It is recommended to use pip or conda (wip) for installation. Please make sure the latest version is installed, as PyGOD is updated frequently:

pip install pygod            # normal install
pip install --upgrade pygod  # or update if needed

Alternatively, you could clone and run setup.py file:

git clone https://github.com/pygod-team/pygod.git
cd pygod
pip install .

Required Dependencies:

  • Python 3.6 +
  • numpy>=1.19.4
  • scikit-learn>=0.22.1
  • scipy>=1.5.2
  • setuptools>=50.3.1.post20201107

Note on PyG and PyTorch Installation: PyGOD depends on PyTorch Geometric (PyG), PyTorch, and networkx. To streamline the installation, PyGOD does NOT install these libraries for you. Please install them from the above links for running PyGOD:

  • torch>=1.10
  • pytorch_geometric>=2.0.3
  • networkx>=2.6.3

API Cheatsheet & Reference

Full API Reference: (https://docs.pygod.org). API cheatsheet for all detectors:

  • fit(X): Fit detector.
  • decision_function(G): Predict raw anomaly score of PyG data G using the fitted detector.

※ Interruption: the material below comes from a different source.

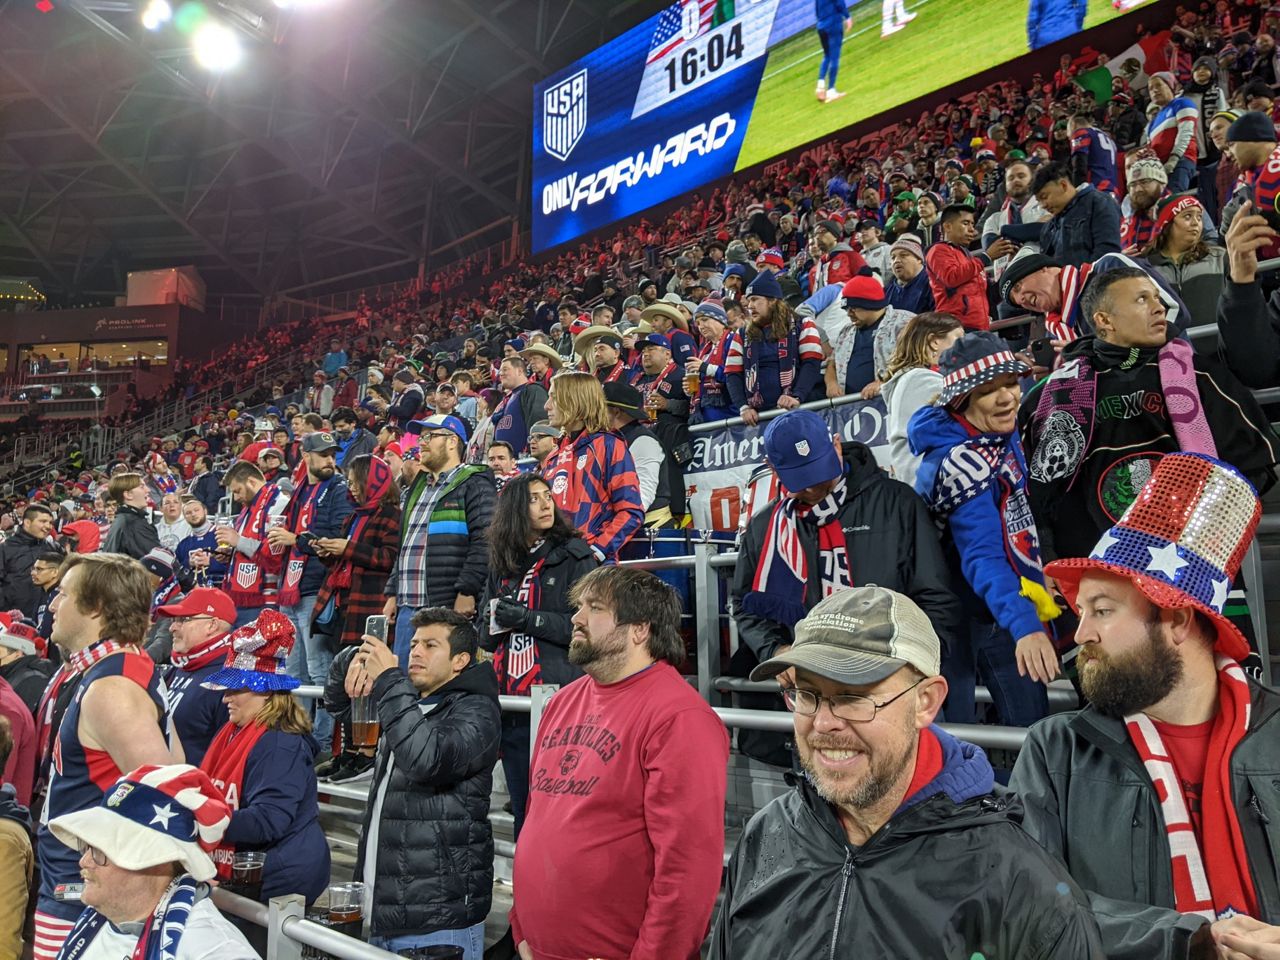 Des supporters à l'intérieur du stade pour les éliminatoires de la Coupe du monde USA/Mexique à Cincinnati, Ohio, le 12 novembre 2021 (Todd Smith/American Outlaws)

Key Attributes of a fitted model:

  • decision_scores_: The outlier scores of the training data. The higher, the more abnormal. Outliers tend to have higher scores.
  • labels_: The binary labels of the training data. 0 stands for inliers and 1 for outliers/anomalies.

For the inductive setting:

  • predict(G): Predict if nodes in PyG data G is an outlier or not using the fitted detector.
  • predict_proba(G): Predict the probability of nodes in PyG data G being outlier using the fitted detector.
  • predict_confidence(G): Predict the model's node-wise confidence (available in predict and predict_proba) [3].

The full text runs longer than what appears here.